Thalassemia and haemoglobin disorders often go undetected
Dr Abhik Banerjee
Hemoglobinopathies, genetic conditions that affect the structure or production of hemoglobin, often go undiagnosed because symptoms can be very mild or easily mistaken for common issues like weakness or fatigue. Many people carry abnormal hemoglobin traits without any visible signs, which increases the risk of passing on serious conditions like Thalassemia to their children. This makes early screening, especially premarital and pre-pregnancy testing, extremely important.
Abnormal hemoglobin levels may be missed during routine blood tests. Basic tests can detect anemia, but do not always identify the specific genetic problem. This leads to delayed diagnosis and missed opportunities for counselling and preventive care. Targeted diagnostic tests such as Hemoglobin Electrophoresis, HPLC testing, and genetic mutation analysis are essential for accurate detection of Thalassemia traits and other hemoglobin disorders. If both partners carry the Thalassemia trait, there is a 25% chance that their child will be born with Thalassemia Major, a severe and lifelong condition requiring regular blood transfusions. With simple screening, these risks can be identified early and managed through counselling, planning, and timely medical guidance.
Specific Tests Needed
Routine blood tests often miss hemoglobin disorders, which is why we advise more specific tests for accurate diagnosis. Tests like Hemoglobin Electrophoresis help us separate and study different types of hemoglobin to see if a person carries an abnormal form. HPLC is even more precise and gives a clear picture of all hemoglobin components, making it easier to identify silent carriers. In some cases, we also recommend genetic mutation analysis, which checks the DNA directly to confirm the exact mutation responsible for the condition. These tests guide us in offering the right counselling to individuals and couples. If both partners are carriers, there is a 25% chance of having a child with Thalassemia Major, a lifelong and serious condition. This is why premarital and pre-pregnancy screening is extremely important. With awareness and timely testing, families can prevent avoidable suffering and make informed decisions about their future.
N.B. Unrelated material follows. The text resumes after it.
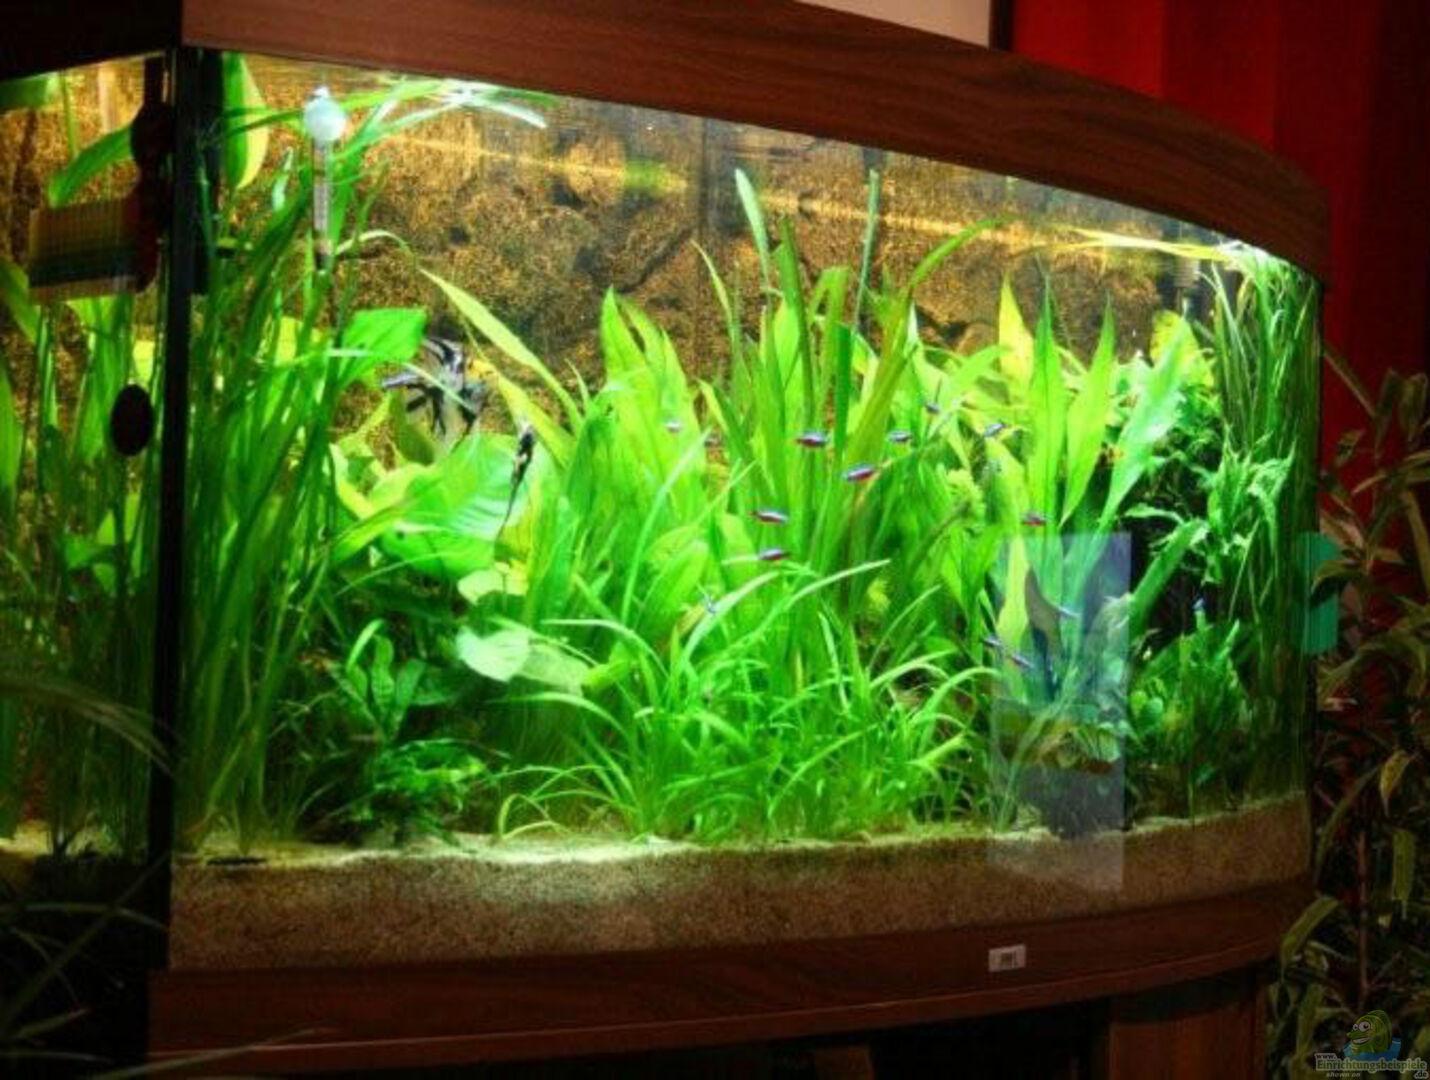 aquarium von markus k becken 8027. Black Bedroom Furniture Sets. Home Design Ideas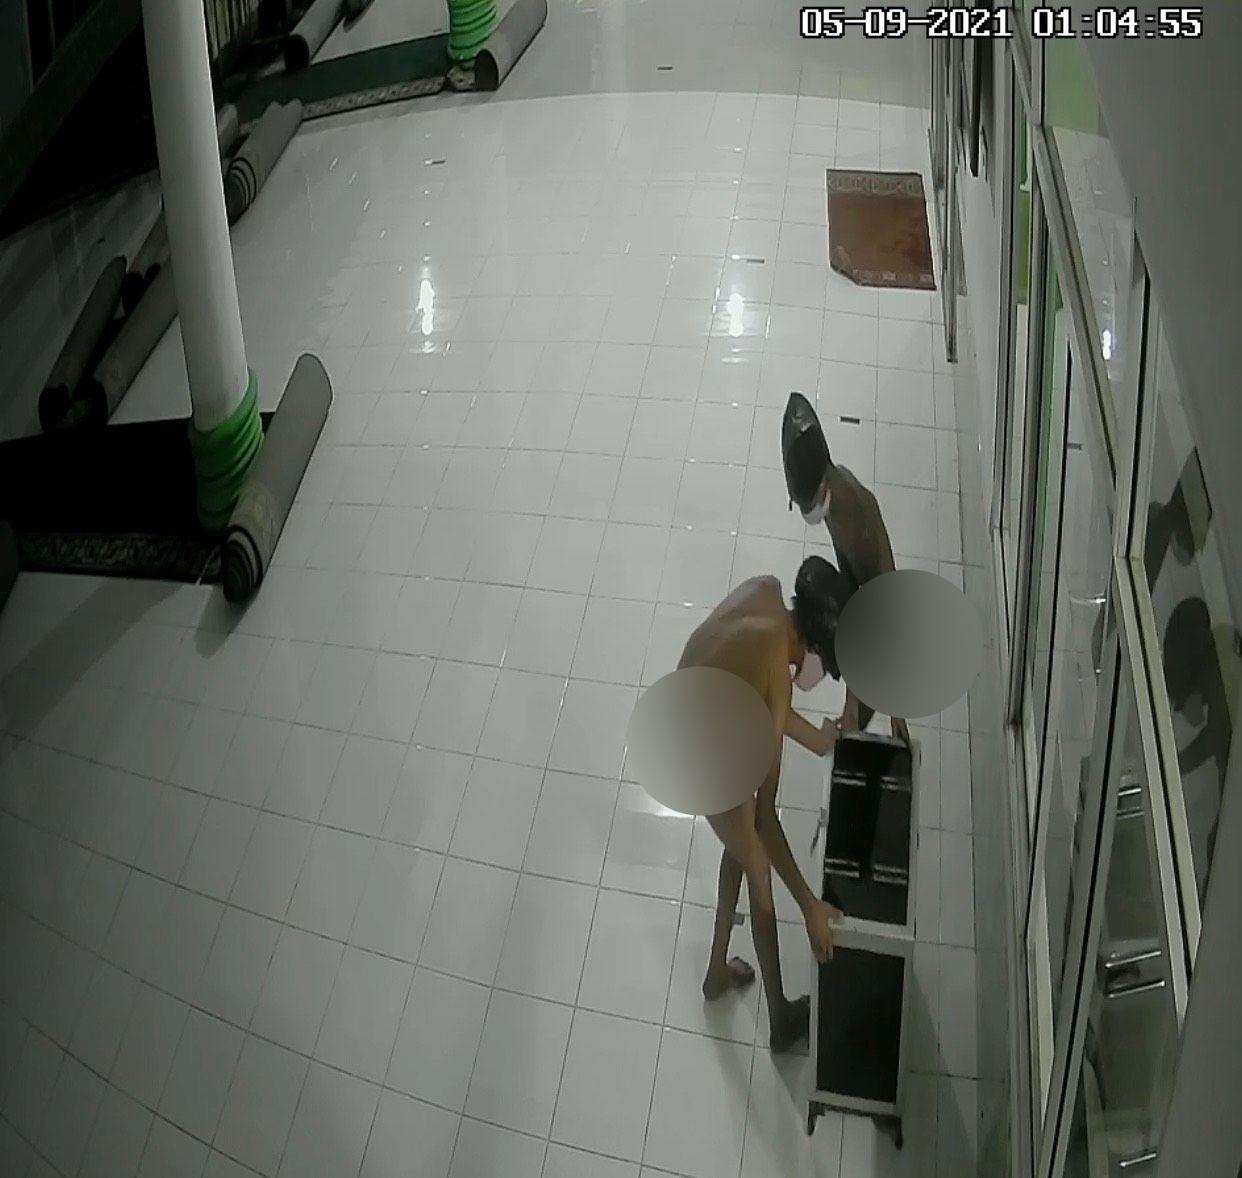 Screenshot video viral 2 pria bercelana dalam curi kotak infak masjid di Sumbar (dok. Istimewa)

With advancements in diagnostic technology and growing public health awareness, early detection of hemoglobin disorders is now easily achievable. Doctors stress that community outreach programs, routine screening drives, and counselling initiatives can significantly reduce the burden of undiagnosed cases. Hospitals also encourage individuals especially those planning a family to proactively opt for these specialized tests even in the absence of symptoms. Increasing public awareness and strengthening preventive screening can play a vital role in reducing the incidence of severe Thalassemia and helping future generations lead healthier, more informed lives.